Typically, a sync application detects file modifications based on file size changes and modified dates. Does this hold true for Amazon EBS Snapshot processes?
Recently I noticed a fixed sized file was excluded from a snapshot even though the file was modified numerous times over a period. When the most recent snapshot (in fact, any snapshots created after the first one) was loaded into a new instance, only the initial content could be located within the file. Even the modified date on the file was set to the initial date.
This made me wonder how Amazon EBS Snapshot determines modified files. Are there any configurations I can change to ensure fixed sized files are added to snapshots correctly?
Yes, But it does so on a block level. That is, it detects changed low-level blocks rather than files.

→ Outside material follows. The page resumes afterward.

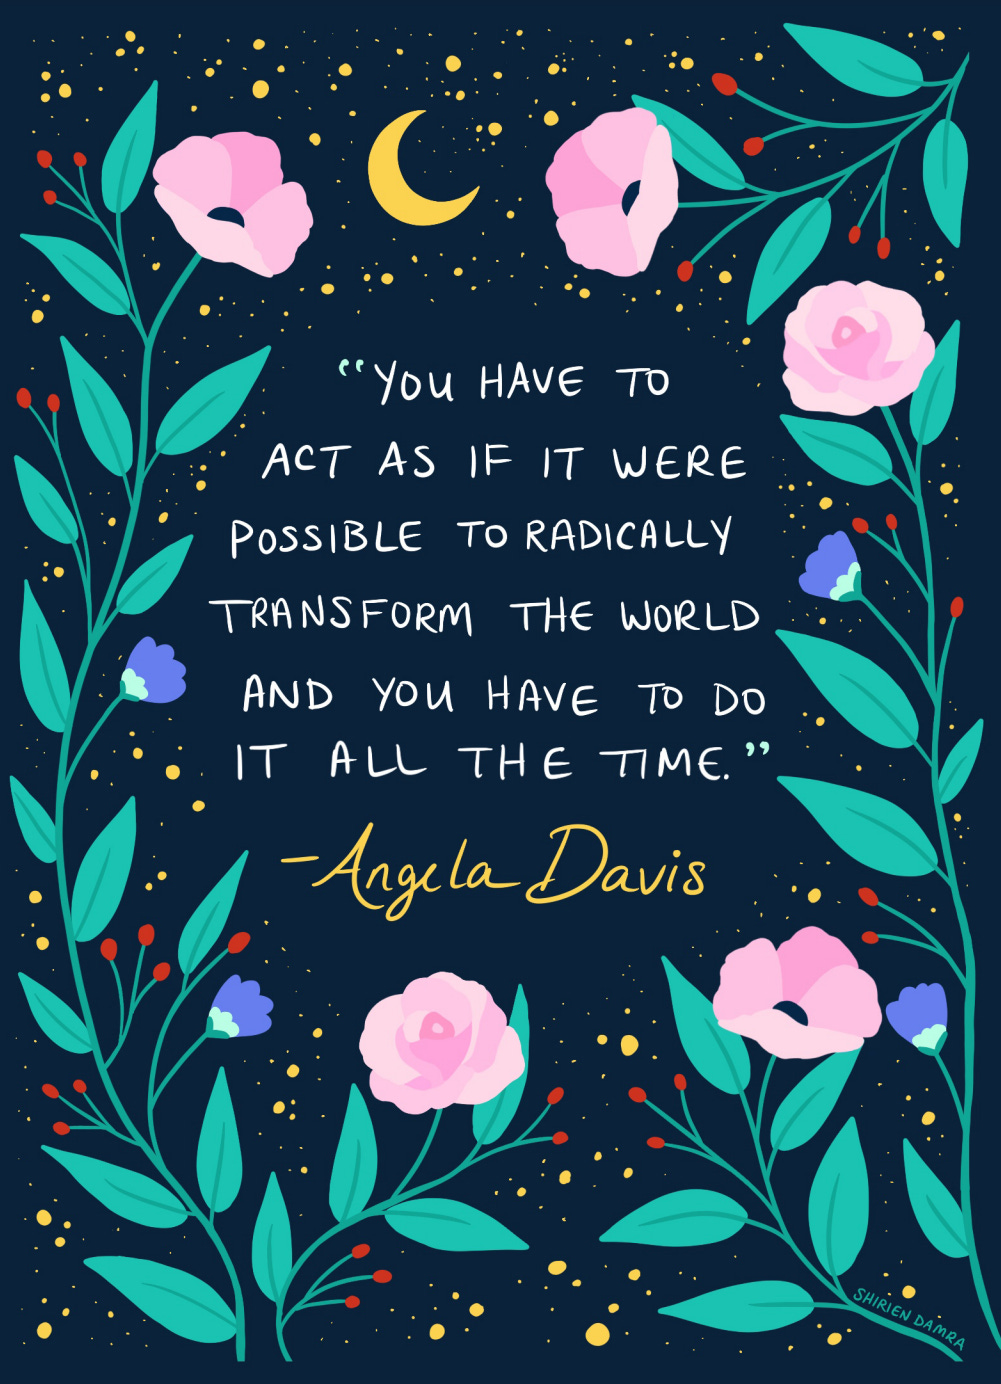 "You have to act as if it were possible to radically transform the world and you have to do it all the time." - Angela Davis

EBS does use block level diffs to determine what to store (as @Dmitry says). However, EBS also keeps all previously existing snapshots that are needed to fully re-create the state of the file system in the state it was in when the snapshot was taken.
If your snapshot shows an old state of a given file, you certainly are looking at an old snapshot.
Amazon EBS snapshots are incremental backups, meaning that only the blocks on the device that have changed since your last snapshot will be saved. If you have a device with 100 GBs of data, but only 5 GBs of data has changed since your last snapshot, only the 5 additional GBs of snapshot data will be stored back to Amazon S3. Even though the snapshots are saved incrementally, when you delete a snapshot, only the data not needed for any other snapshot is removed. So regardless of which prior snapshots have been deleted, all active snapshots will contain all the information needed to restore the volume.